Wesley también ha quedado «impresionado» con la estructura y ambición del club. «Tenemos grandes objetivos por conquistar, la Copa, clasificar para la Europa League... Hay distancia, pero vamos a continuar en busca de las victorias», analizó sobre las metas del equipo. La Real Sociedad se encuentra en una posición privilegiada para luchar por títulos y competiciones europeas, y el nuevo extremo quiere ser parte activa de esta trayectoria ascendente.
Su despedida en la entrevista fue con un «Poliki, poliki», expresión vasca que significa «poco a poco». Este gesto simbólico demuestra su voluntad de integrarse no solo en el equipo, sino también en la cultura de la región. El respeto por las tradiciones locales y el aprendizaje del idioma son señales de un compromiso que va más allá de lo puramente deportivo.

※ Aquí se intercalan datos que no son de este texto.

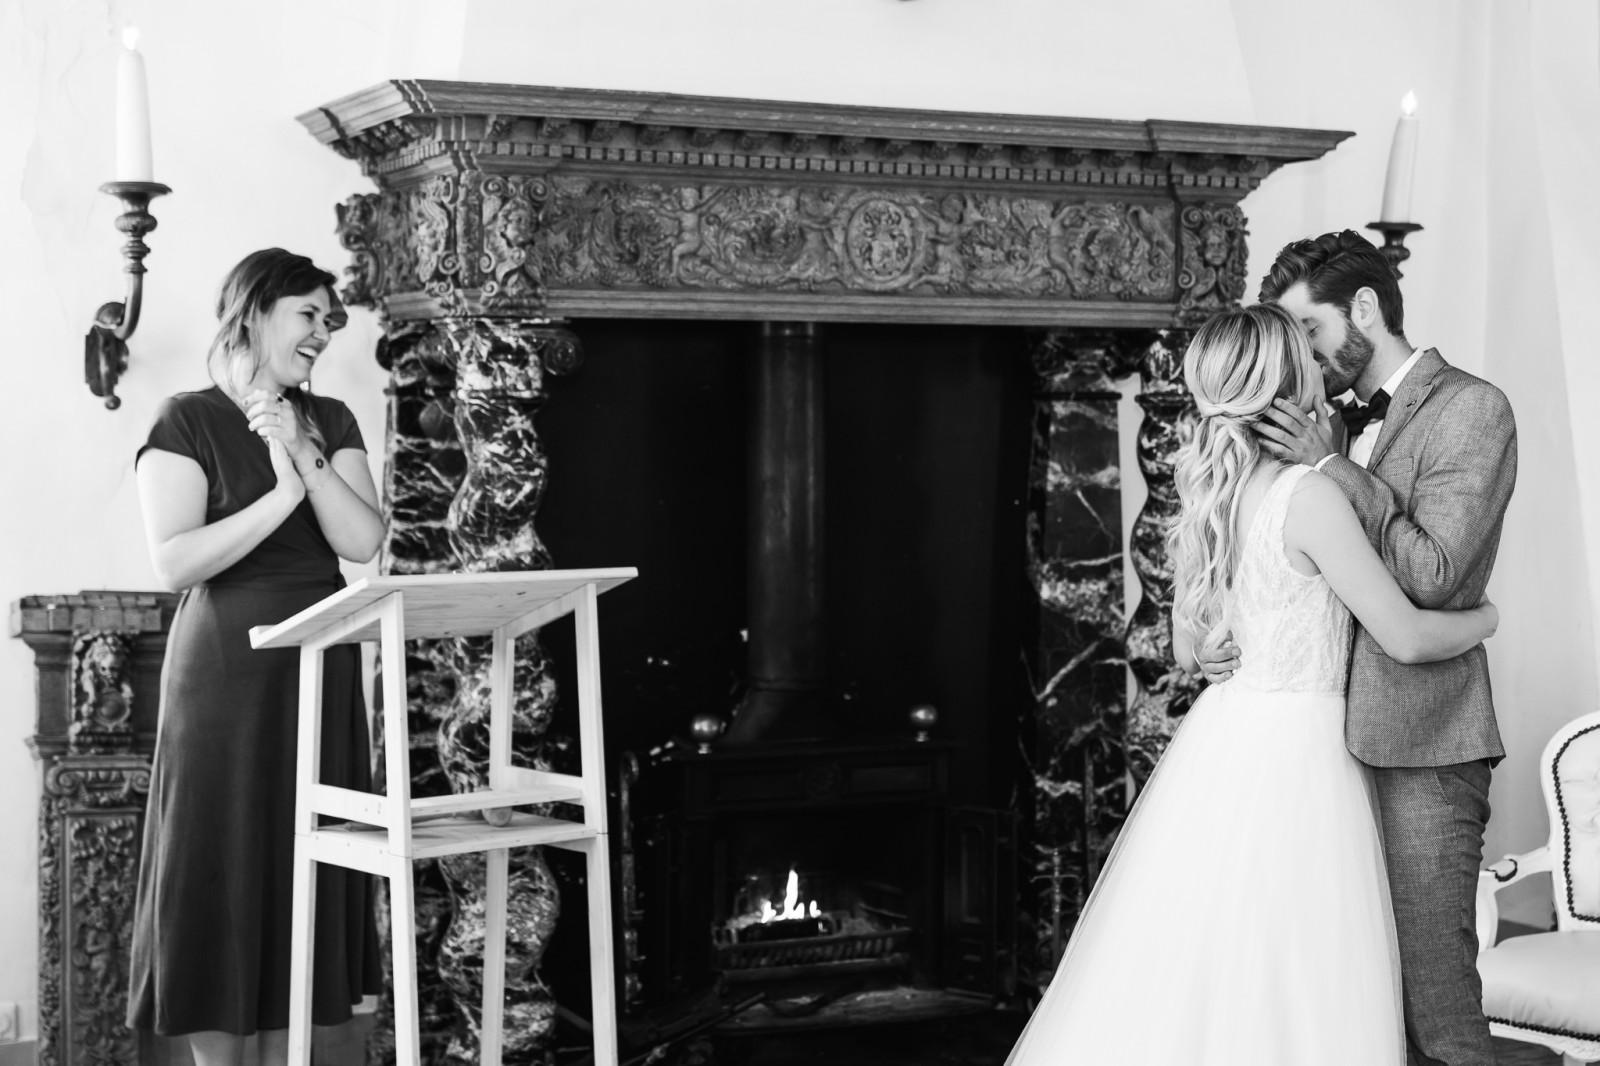 Huwelijksceremonie met Babs Anneloes v.d. Kolk

El futuro inmediato de Wesley pasa por seguir sumando minutos en los próximos encuentros de LaLiga y la Copa del Rey. Cada partido será una oportunidad para demostrar su valor y consolidar la confianza del cuerpo técnico. La afición realista, conocedora de su pasión por el fútbol bien jugado, espera con ilusión los regates y desbordes del nuevo extremo.

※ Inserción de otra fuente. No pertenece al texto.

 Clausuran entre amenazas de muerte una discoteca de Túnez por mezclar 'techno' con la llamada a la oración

La operación de mercado que llevó a Wesley a Donostia refleja la estrategia de la Real Sociedad de incorporar talento joven con proyección y hambre de éxito. La cesión con opción de compra permite evaluar su rendimiento sin un compromiso económico inmediato, pero las primeras impresiones son más que positivas. Su actitud, profesionalidad y calidad técnica son los ingredientes perfectos para triunfar en el proyecto txuri-urdin.
En resumen, la llegada de Wesley representa un nuevo capítulo en la apuesta de la Real Sociedad por consolidarse entre los grandes del fútbol español. Con buenas referencias de excompañeros, una adaptación acelerada y una mentalidad ganadora, el brasileño tiene todas las herramientas para convertirse en una pieza clave del equipo. El camino será exigente, pero su filosofía de «poliki, poliki» le permitirá crecer sin prisas, asentándose en un club que le brinda la plataforma perfecta para desarrollar todo su potencial. La afición ya ha recibido con los brazos abiertos a su nuevo ídolo, y el tiempo dirá si esta apuesta se convierte en uno de los grandes aciertos de la temporada.